* Re: [gentoo-dev] overlays.gentoo.org restoration & post-mortem
@ 2014-01-18 5:58 99% ` Alec Warner
0 siblings, 0 replies; 1+ results
From: Alec Warner @ 2014-01-18 5:58 UTC (permalink / raw
To: Gentoo Dev
[-- Attachment #1: Type: text/plain, Size: 2196 bytes --]
On Fri, Jan 17, 2014 at 9:23 PM, Kent Fredric <kentfredric@gmail.com> wrote:
>
> On 18 January 2014 18:02, Robin H. Johnson <robbat2@gentoo.org> wrote:
>
>> - More people need to use the infra-status page to learn about the state
>> of Gentoo services.
>>
>
>
> A service middle layer like fastly or cloudflare which could link to the
> infra page would be good here perhaps, so when an outage occurred ( at
> least on the web side ) appropriate links to infra could be given.
>
Cloudly stuff aside (most of infra is not super experienced or trusting of
cloud stuff) I think there was a lot of indecision during the outage.
Do we wait for the sponsor or restore from backup?
How good are the backups (turns out, they were decent?)

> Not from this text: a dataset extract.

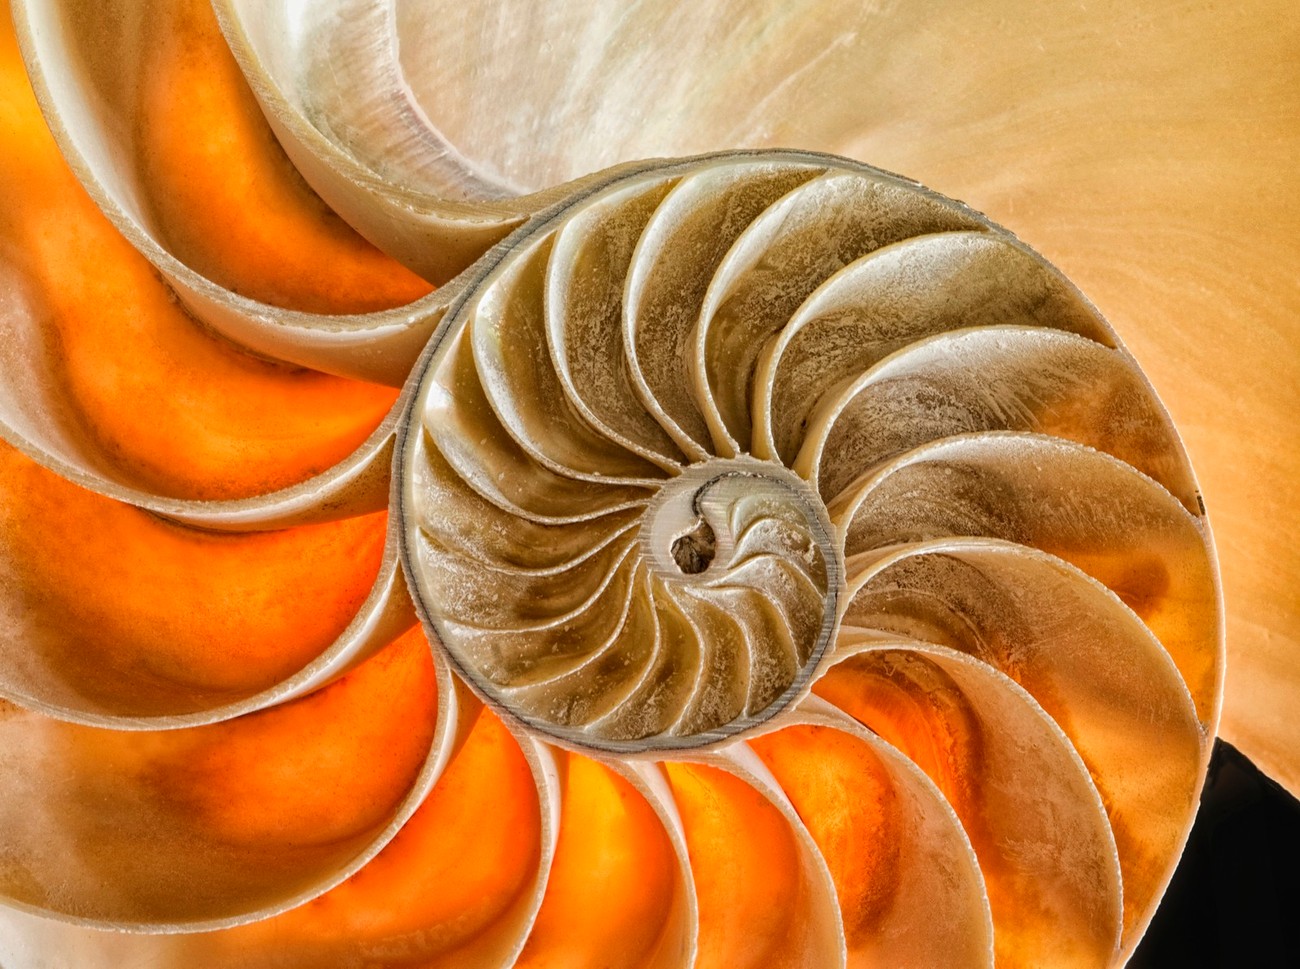 30+ Must See Photos Of Patterns In Nature - Congratulations To All The Photo Contest Finalists!

How much work is it to rebuild from them (turns out, one evening of Robin's
time + incidentals.)
Once we got the data back on the new machine, why did we post the all
clear? Then we knew there was corruption, but it took a long time to
disable git and http access. Some repos were missing, some were corrupt,
etc.
We don't have procedures for these sorts of things. I think we were
conservative in the changes we made. How do you disable a service like
gitolite? We deployed two fixes. One was to disable ssh for the 'git' user,
the second was to move the authorized keys files out of the way. We pursued
these avenues independently, and we did not check them into configuration
management, which I wish had happened. Later when we disabled the http part
(to make overlays throw 503's) that was checked in, which was nice.
Certainly I was afraid of breaking stuff for Robin, so I really tried to
avoid doing anything unless I was confident it would not impact him.
> And the infra status page is not exactly obvious. Its not listed on the
> "gentoo sites" list on the top right, and perhaps it aught to be.
>
I consider the page a great success in this story. I'm really happy about
it, and while you can always say 'hey we could have done better here' I
think we did pretty well.
-A
>
>
>
>
> --
> Kent
>
> perl -e "print substr( \"edrgmaM SPA NOcomil.ic\\@tfrken\", \$_ * 3, 3 )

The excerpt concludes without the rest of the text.